[RECORDED INFORMATION Boundary: Start]

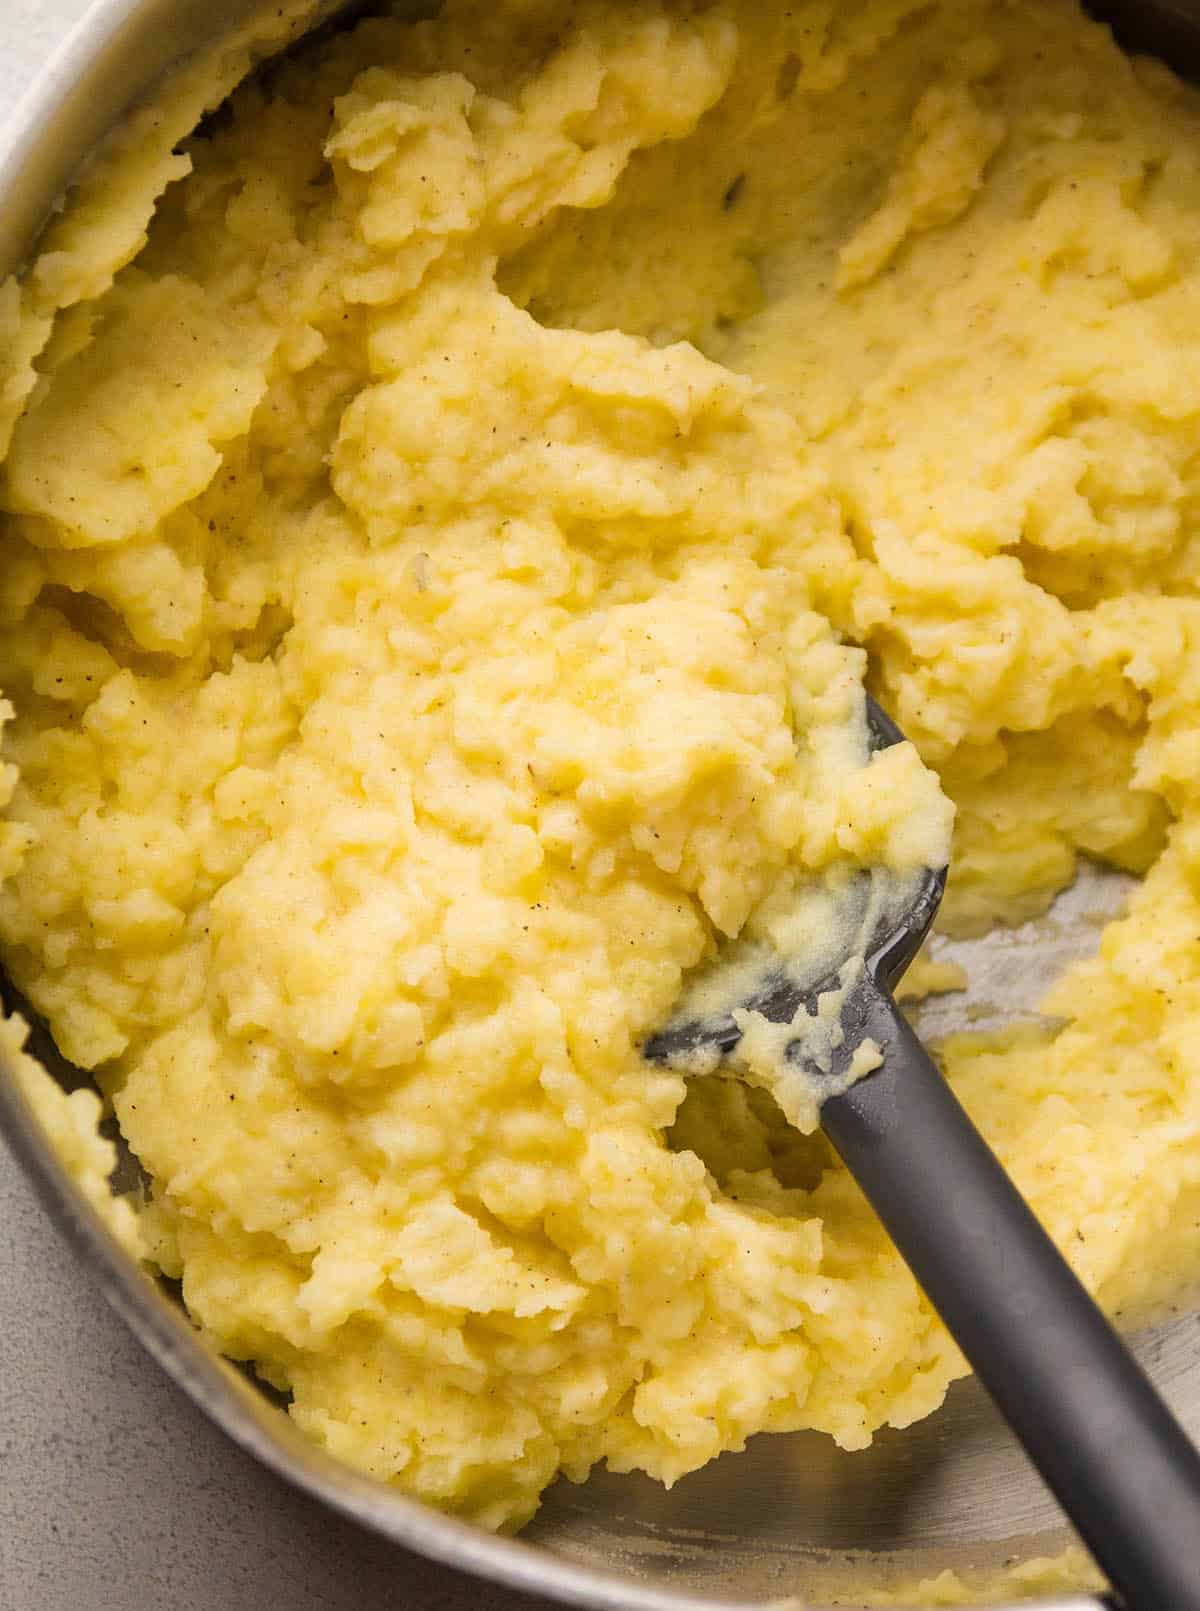 Mashed potatoes in a large pot.
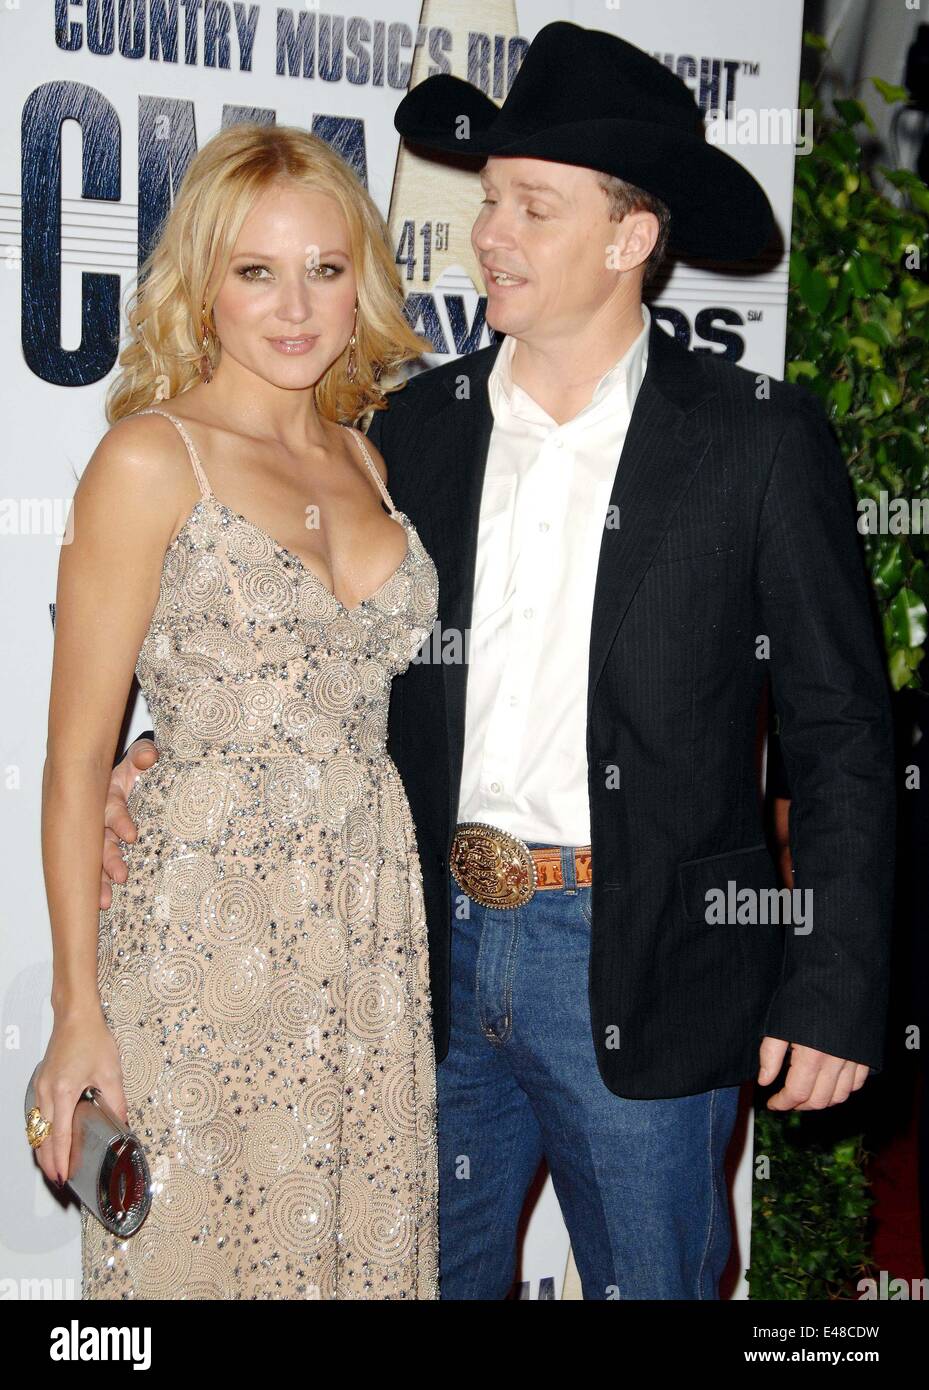 July 2, 2014 - Singer JEWEL and her rodeo cowboy husband TY MURRAY are divorcing after 16 years. The 40-year-old singer, who married the rodeo pro back in August 2008 after 10 years together, announced the split on her official website. PICTURED - Nov. 7, 2007 - Nashville, Tennessee, U.S. - Jewel and Ty Murray attends the 41st Annual CMA Awards Arrivals at the Sommet Center in Nashville. (Credit Image: © James Diddick/Globe Photos/ZUMAPRESS.com) Stock Photo
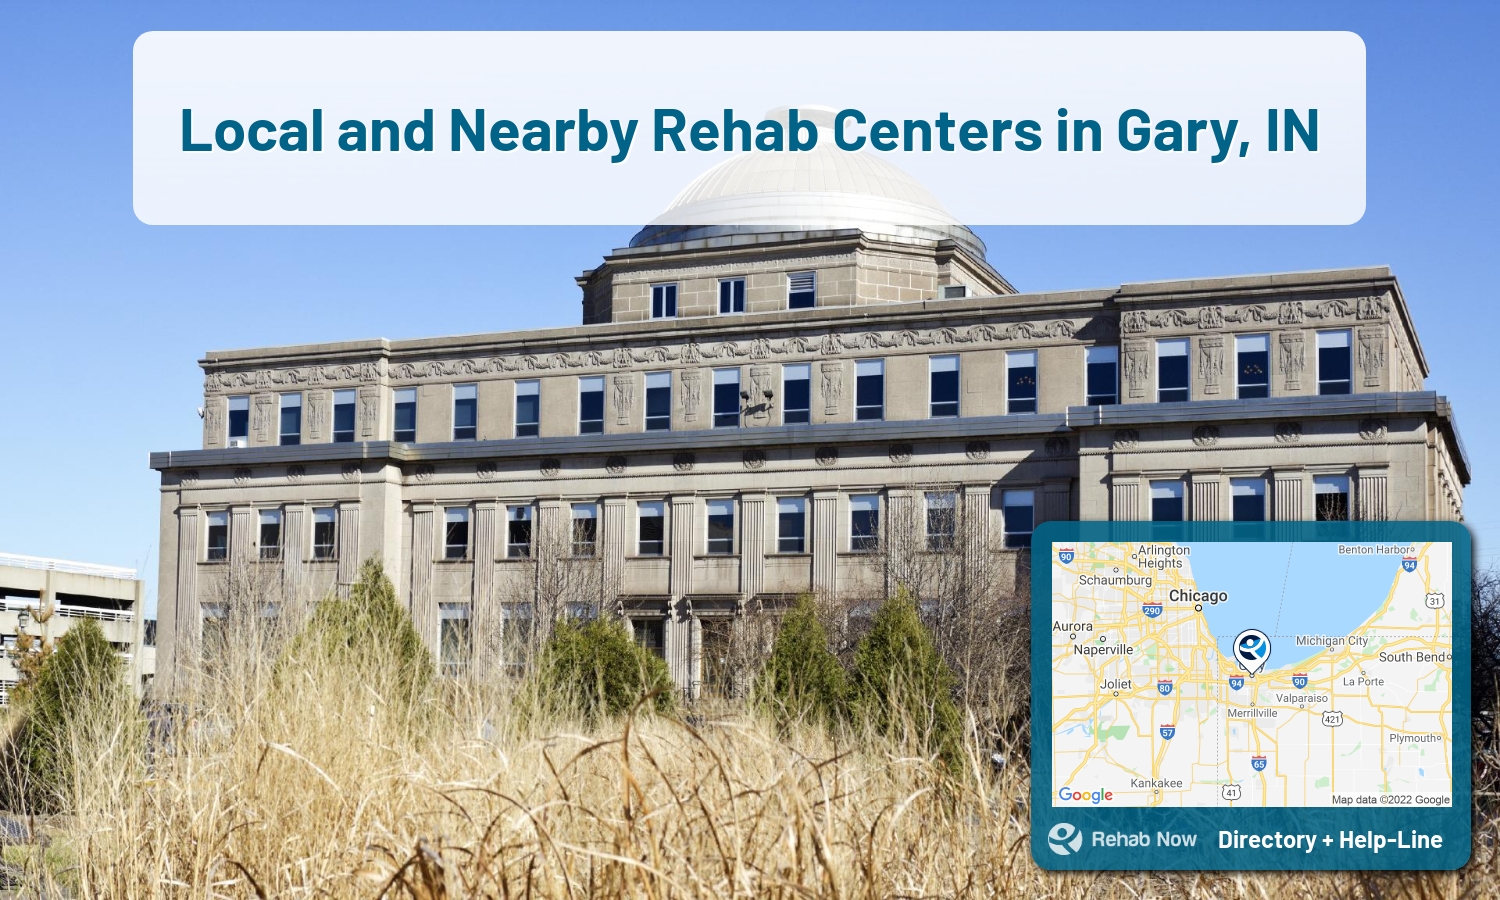 Ready to pick a rehab center in Gary? Get off alcohol, opiates, and other drugs, by selecting top drug rehab centers in Indiana
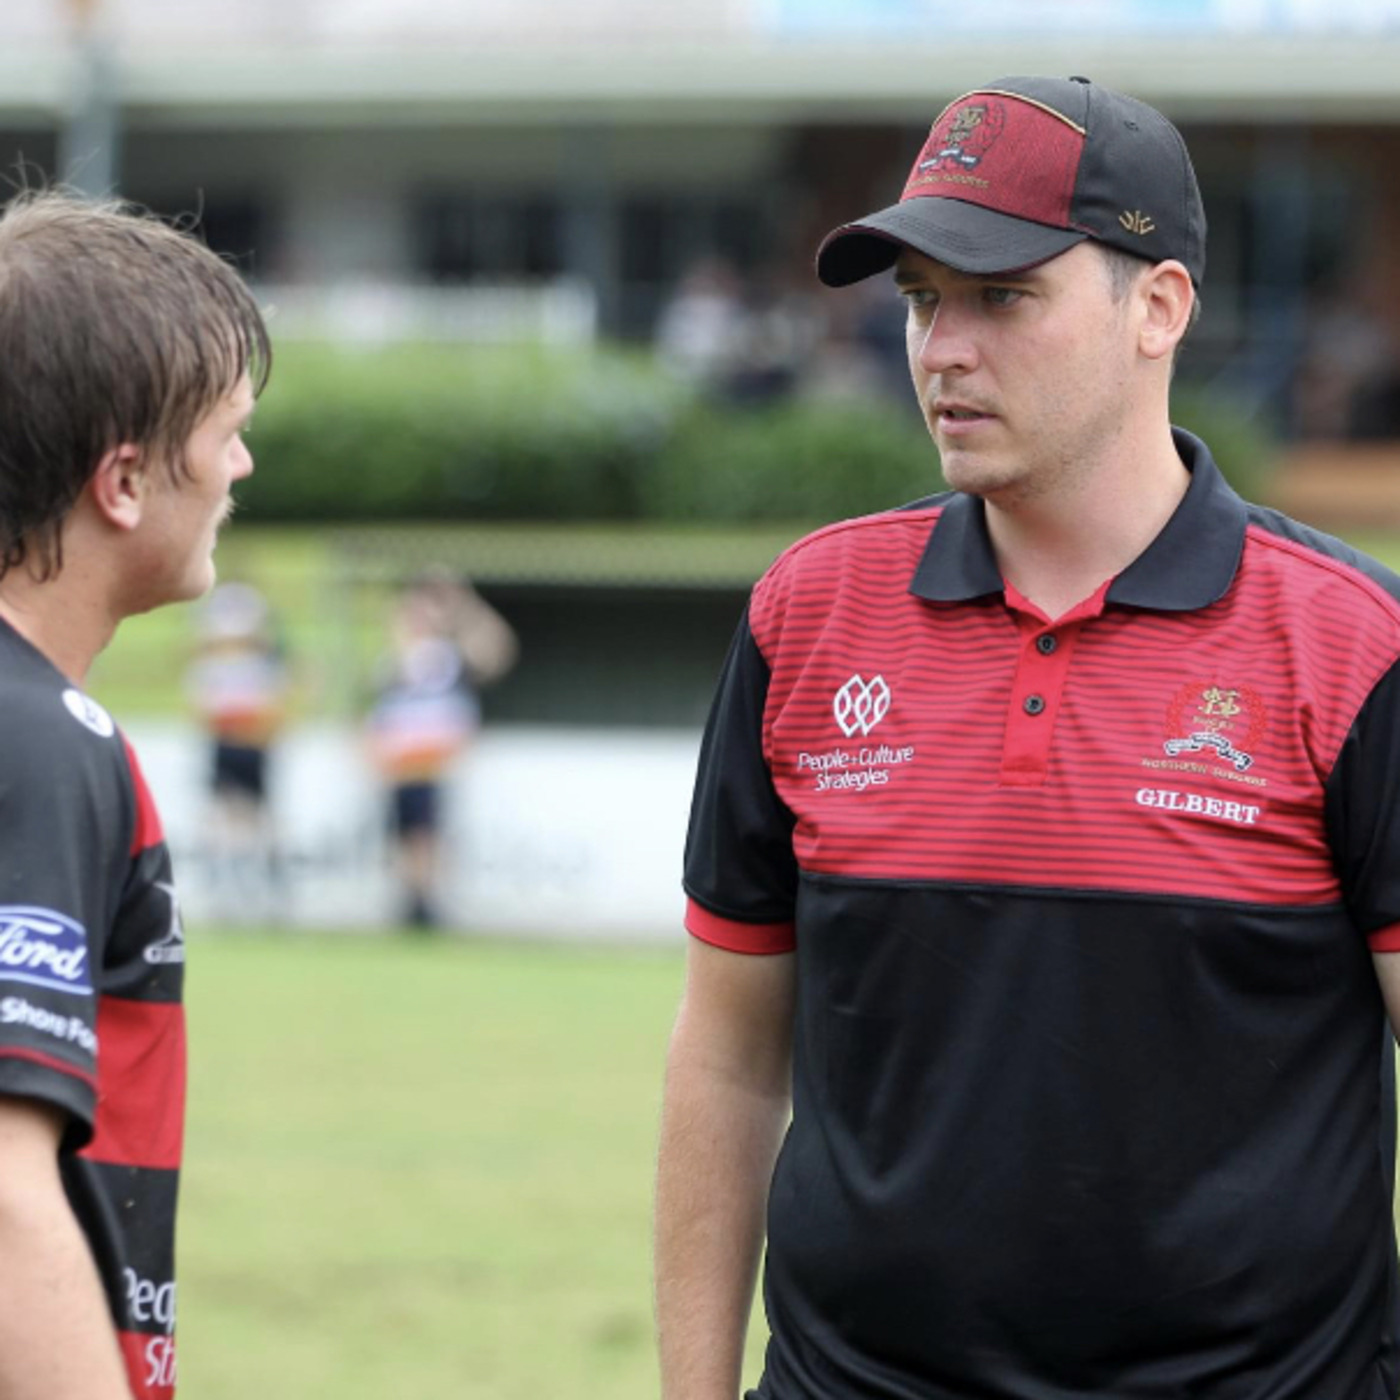 Episode 106: Andrew Brownhill, Ep. 106, Academy Coaching in the Shute Shield

[RECORDED INFORMATION Boundary: End]

YOUR ASSIGNMENT: Word for word, return the listing above; the pictures do not belong in the copy.

EXERCISE ANSWER:
 Mashed potatoes in a large pot.
 July 2, 2014 - Singer JEWEL and her rodeo cowboy husband TY MURRAY are divorcing after 16 years. The 40-year-old singer, who married the rodeo pro back in August 2008 after 10 years together, announced the split on her official website. PICTURED - Nov. 7, 2007 - Nashville, Tennessee, U.S. - Jewel and Ty Murray attends the 41st Annual CMA Awards Arrivals at the Sommet Center in Nashville. (Credit Image: © James Diddick/Globe Photos/ZUMAPRESS.com) Stock Photo
 Ready to pick a rehab center in Gary? Get off alcohol, opiates, and other drugs, by selecting top drug rehab centers in Indiana
 Episode 106: Andrew Brownhill, Ep. 106, Academy Coaching in the Shute Shield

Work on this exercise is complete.